One in nine Americans 65 and older have Alzheimer’s disease. It's a devastating condition that drastically changes a person and their family’s quality of life.
Decades of research have finally produced a promising drug - that experts hope could also prevent dementia symptoms from even developing in those at greatest risk.
National Health Reporter Erin Billups looks at a trial underway aimed at changing the future of Alzheimer’s disease.
For over 15 years, Ronald Reilley watched his sister Joan slip away as she battled Alzheimer's disease.
“She would be repeating things. She would be forgetting things,” said Reilley. “I mean, my sister was there, but her mind had left and it was very sad to see her go.”
About 6.5 million Americans are living with Alzheimer’s disease. It is estimated that number will double by 2050. Dr. Anton Porsteinsson, director of the Alzheimer's Disease Care, Research and Education Program at the University of Rochester said the so-called plaque and tangles that cause Alzheimer’s disease start building up in the brain 20 to 25 years before symptoms show.
“In the last two decades, we've come to the understanding that you don't wake up one day having Alzheimer's disease,” said Porsteinsson. “Our belief is that if we target those changes, we can prevent the cascade that then happens that ultimately leads to this accelerated brain cell death.”
At Rochester University’s School of Medicine, Porsteinsson and his team are exploring whether the onset of symptoms can be delayed, or even prevented. The university is one of 70 institutions taking part in the Ahead Study funded by National Institutes of Health
His team is using a medication already available to some Alzheimer’s patients experiencing cognitive impairment, Lecanemab, brand named Leqembi. It is the first FDA-approved drug proven to reduce beta amyloid plaque build up in the brain and slow the progression of Alzheimer's disease.
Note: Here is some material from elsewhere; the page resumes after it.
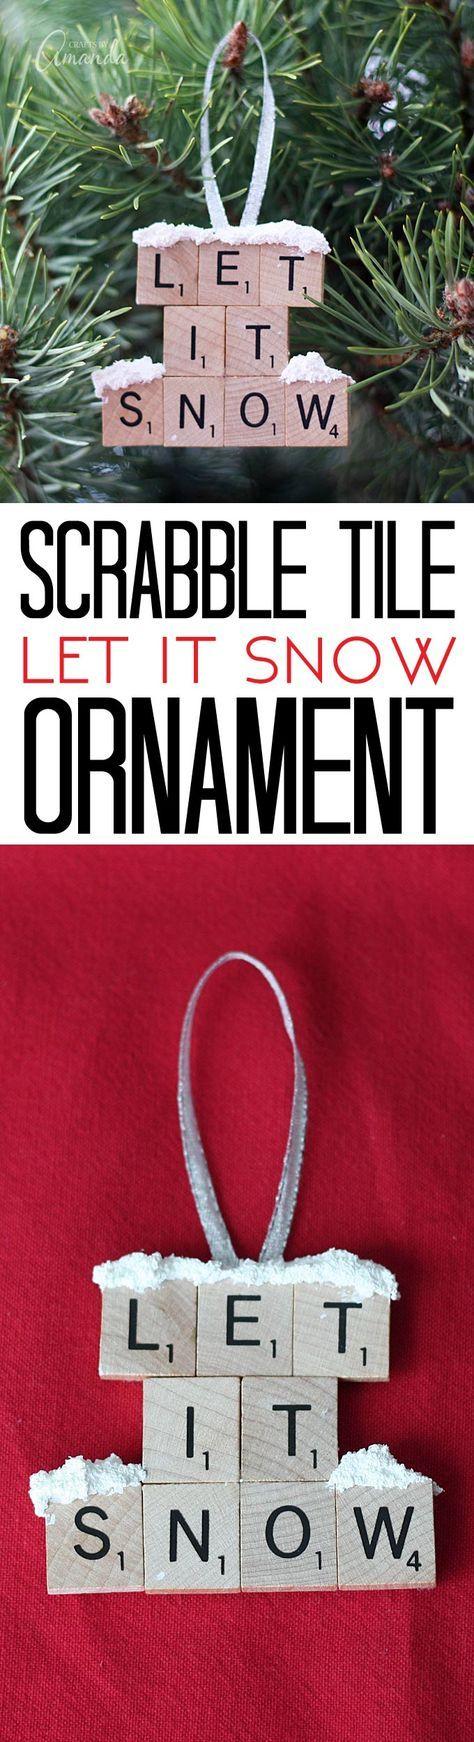 Let it Snow – Scrabble Tile Ornament | 11 Easy Last Minute DIY Christmas Crafts

“We think that it's an opportune moment to take it much earlier in the disease course,” said Porsteinsson.
The double-blind clinical trials include people as young as 50, with a family history of Alzheimer’s, before they show signs of the disease.
Participants need to be in good cardiovascular health because in rare cases, the drug may cause bleeding in the brain.
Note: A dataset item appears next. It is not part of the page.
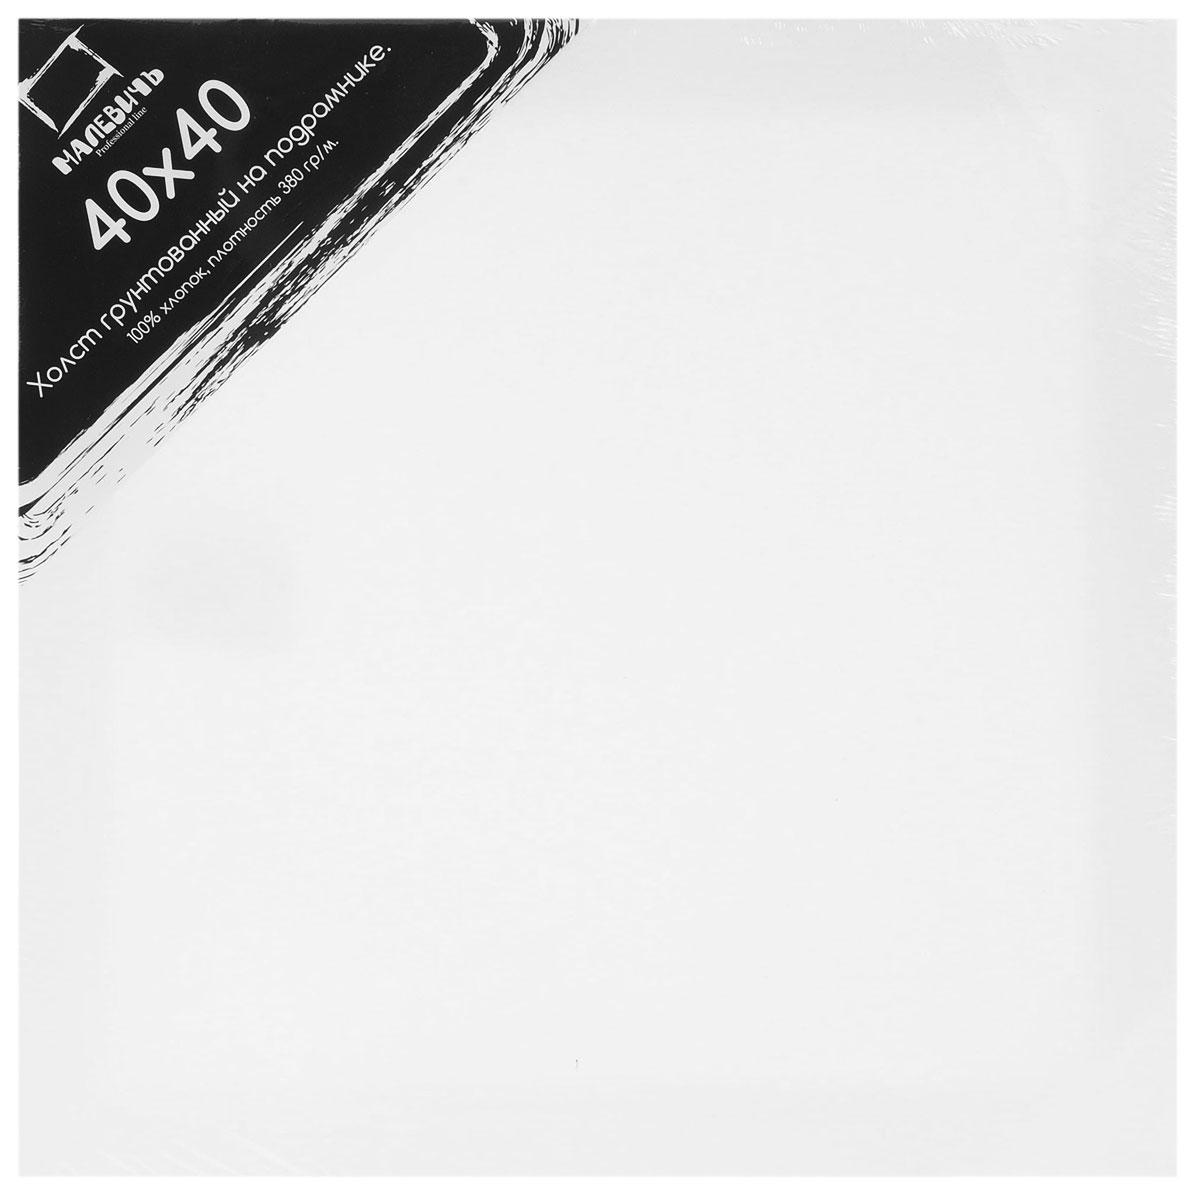 Малевичъ Холст на подрамнике 40 см x 40 см 380 г/м2

“This drug it is so effective in clearing beta amyloid out of the brain. Beta amyloid can sit both on top of brain cells and in the arteries that kind of crisscross the brain and it will remove this toxic beta amyloid out of the arteries as well,” said Porsteinsson.
“But if that happens too quickly, before the vessel can kind of seal itself, you can have a temporary period where the vessel can become sleepy or leaky.”
At 70 years old Reilly volunteered for the study. He was told he also has the APOE 4 gene, which is shown to increase the risk of Alzhiemer’s. He felt he needed to participate in a study that may help pave the way to a world with fewer cases of Alzheimer’s disease.
“I saw what it did to my sister and how it affected her. And I know there's millions of people out there and the population is aging,” said Reilley. “In the long run, people have to do this. So I'm one of the ones.”
If lecanemab fails to slow progression in individuals with the APOE 4 gene, Porsteinsson said it may be back to square one. But he has been working with the drug for more than a decade and said he has never been more hopeful.
“We have strong faith and belief that this will work, but we have to prove it. This is a significant intervention. It's complex, it's costly, and we want to prove that it's effective,” said Porsteinsson.
Lecanemab infusions cost about $26,000. Porteinsson acknowledges it is a hefty price tag right now, but countered that when prevention is compared to the $320 billion annual cost of caring for Alzheimer’s patients, it may be worth it.
Eventually, experts hope manufacturing costs will go down and affordable generics will become available.